The International Herald Tribune listed negative comments made about Sarkozy in the run-up to the election, including that he is "arrogant" and "brutal", as well as describing him as "one of the most polarizing figures to move into Élysée Palace in the postwar era."

The paper praised the new president for his "brash manner and strong oratory style," also pointing out that he is "nakedly ambitious, pragmatic and calculating and not beyond betrayal to reach his goals," comparing him to Napoleon and Louis XIV.

In the UK, The Guardian described Sarkozy as having a "reputation as the man who gets things done," and predicts early action from the new leader. It claims "the French have not voted in a man they particularly like... France has voted in a president it feel it needs."

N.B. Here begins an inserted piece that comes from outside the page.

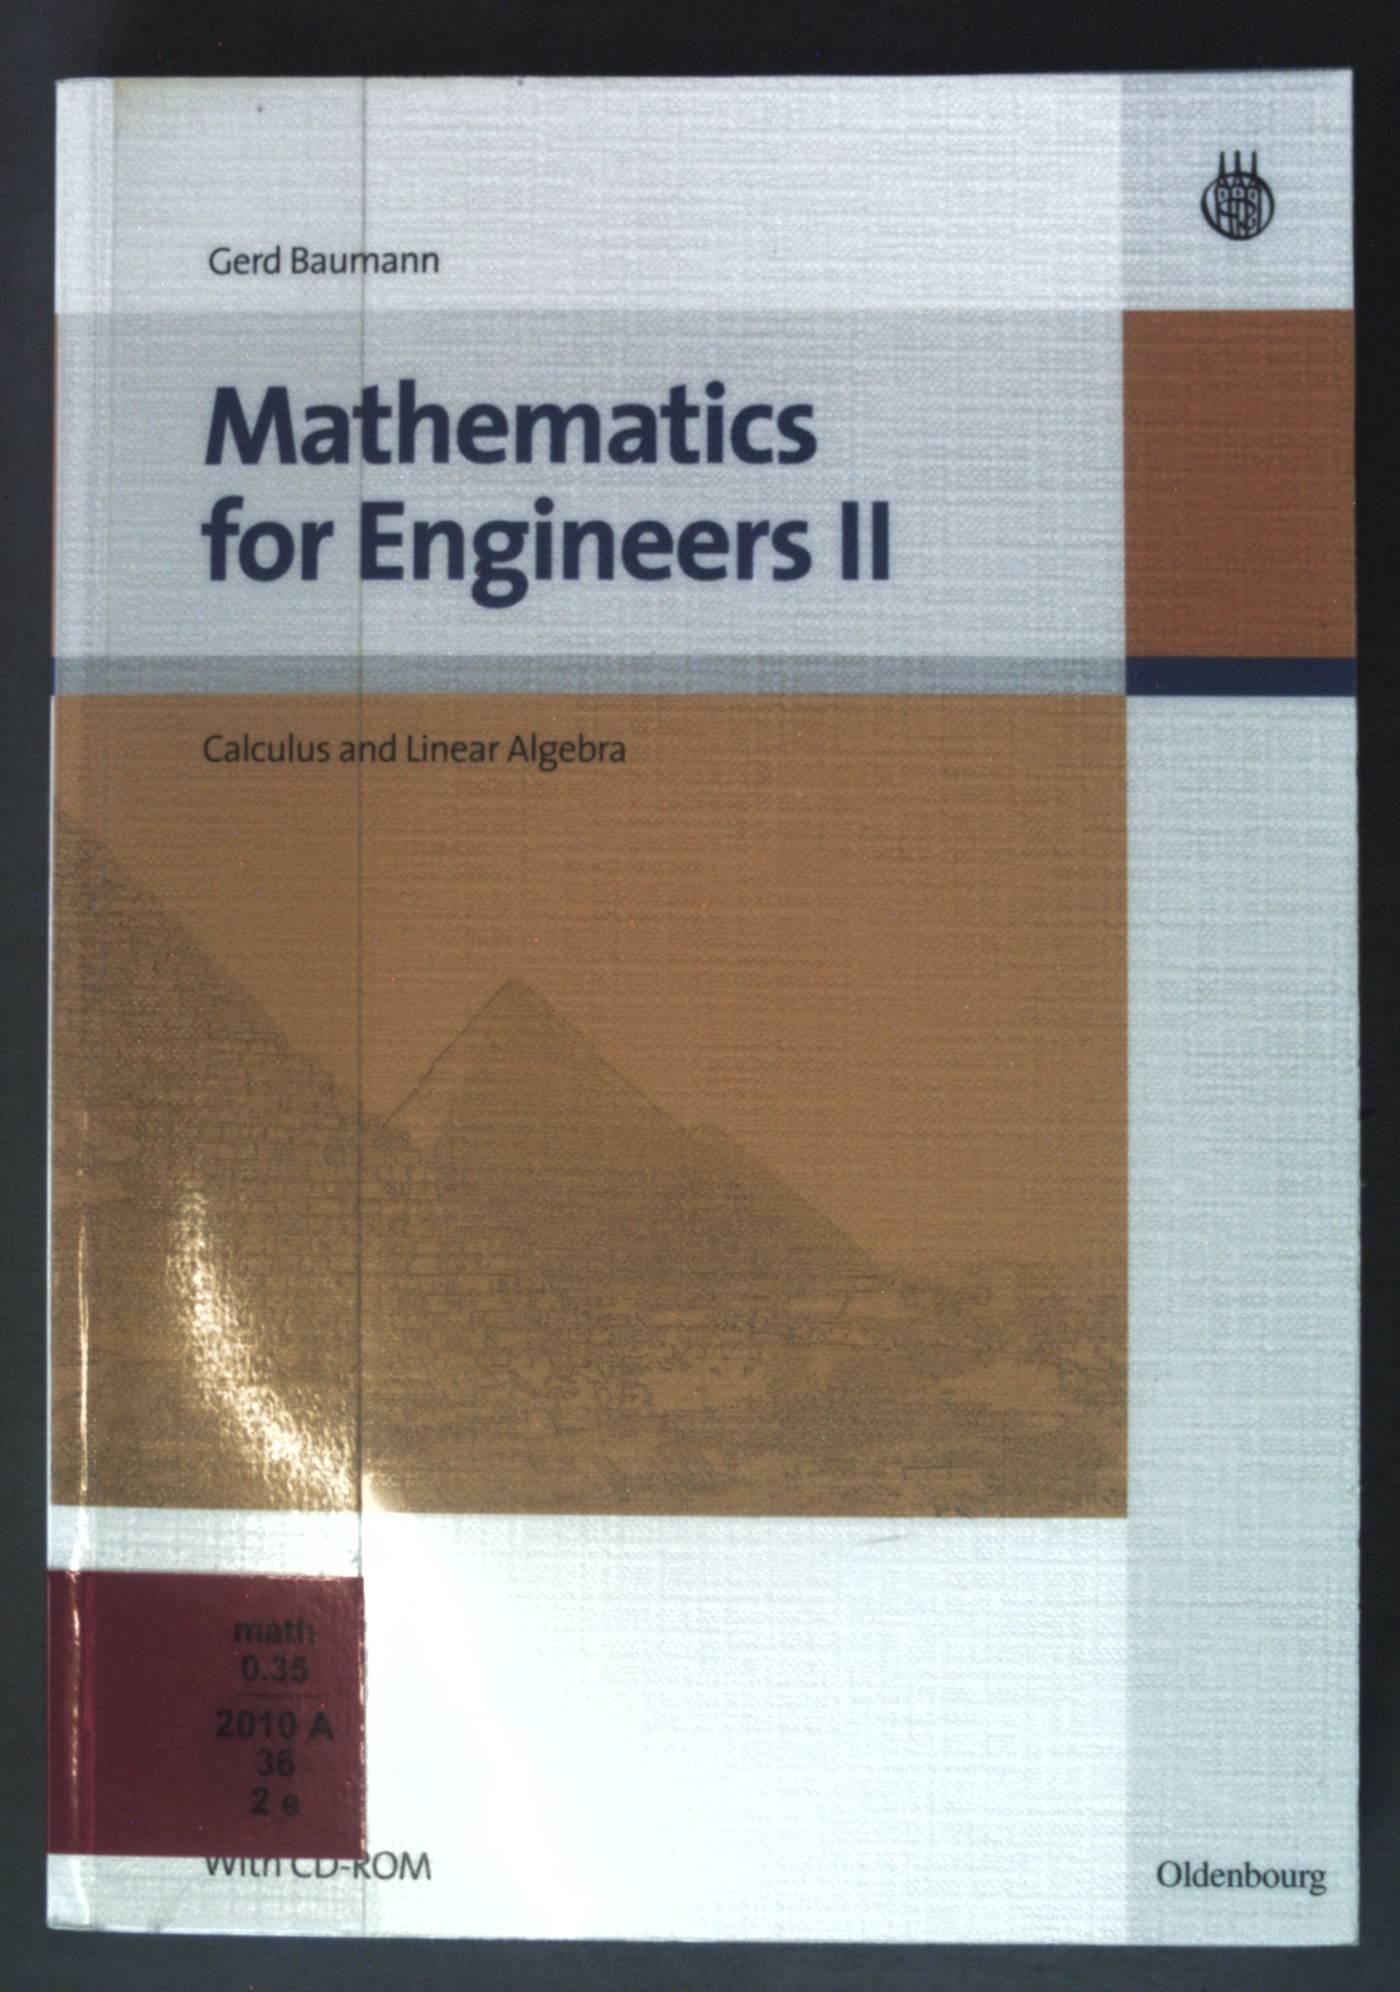 Mathematics for Engineers II: Calculus and Linear: Baumann, Gerd:

The Times described Sarkozy's election as a "real break... in French politics" saying his "aim is to get the country moving again, banish its malaise and re-establish it as a strong, confident and co-operative Western power."

In Germany, Sueddeutsche Zietung reported, following the election of Sarkozy, France had moved "further to the right."

Frankfurter Allgemeine Zeitung described the new president as "a man who as interior minister made his mark with controversial statements and who is pleading for wide-spread reforms in French economic and social politics," and said that, for Germany, "dealing with France will not become any easier in the future."

Doubts over Sarkozy's leadership skills continued in Der Spiegel which stated he "acts like a unifier but his radical political and moral views could lead to wide-spread social conflicts."

UK tabloid, The Sun -- usually known for its critical eye on all things French --said that the new president "has his work cut out getting France back to work", claiming the French people "know it's time for brutal medicine.

The paper also praised the huge turnout for the election and the prominence of the head-to-head TV debate the two candidates took part in before the second round of voting.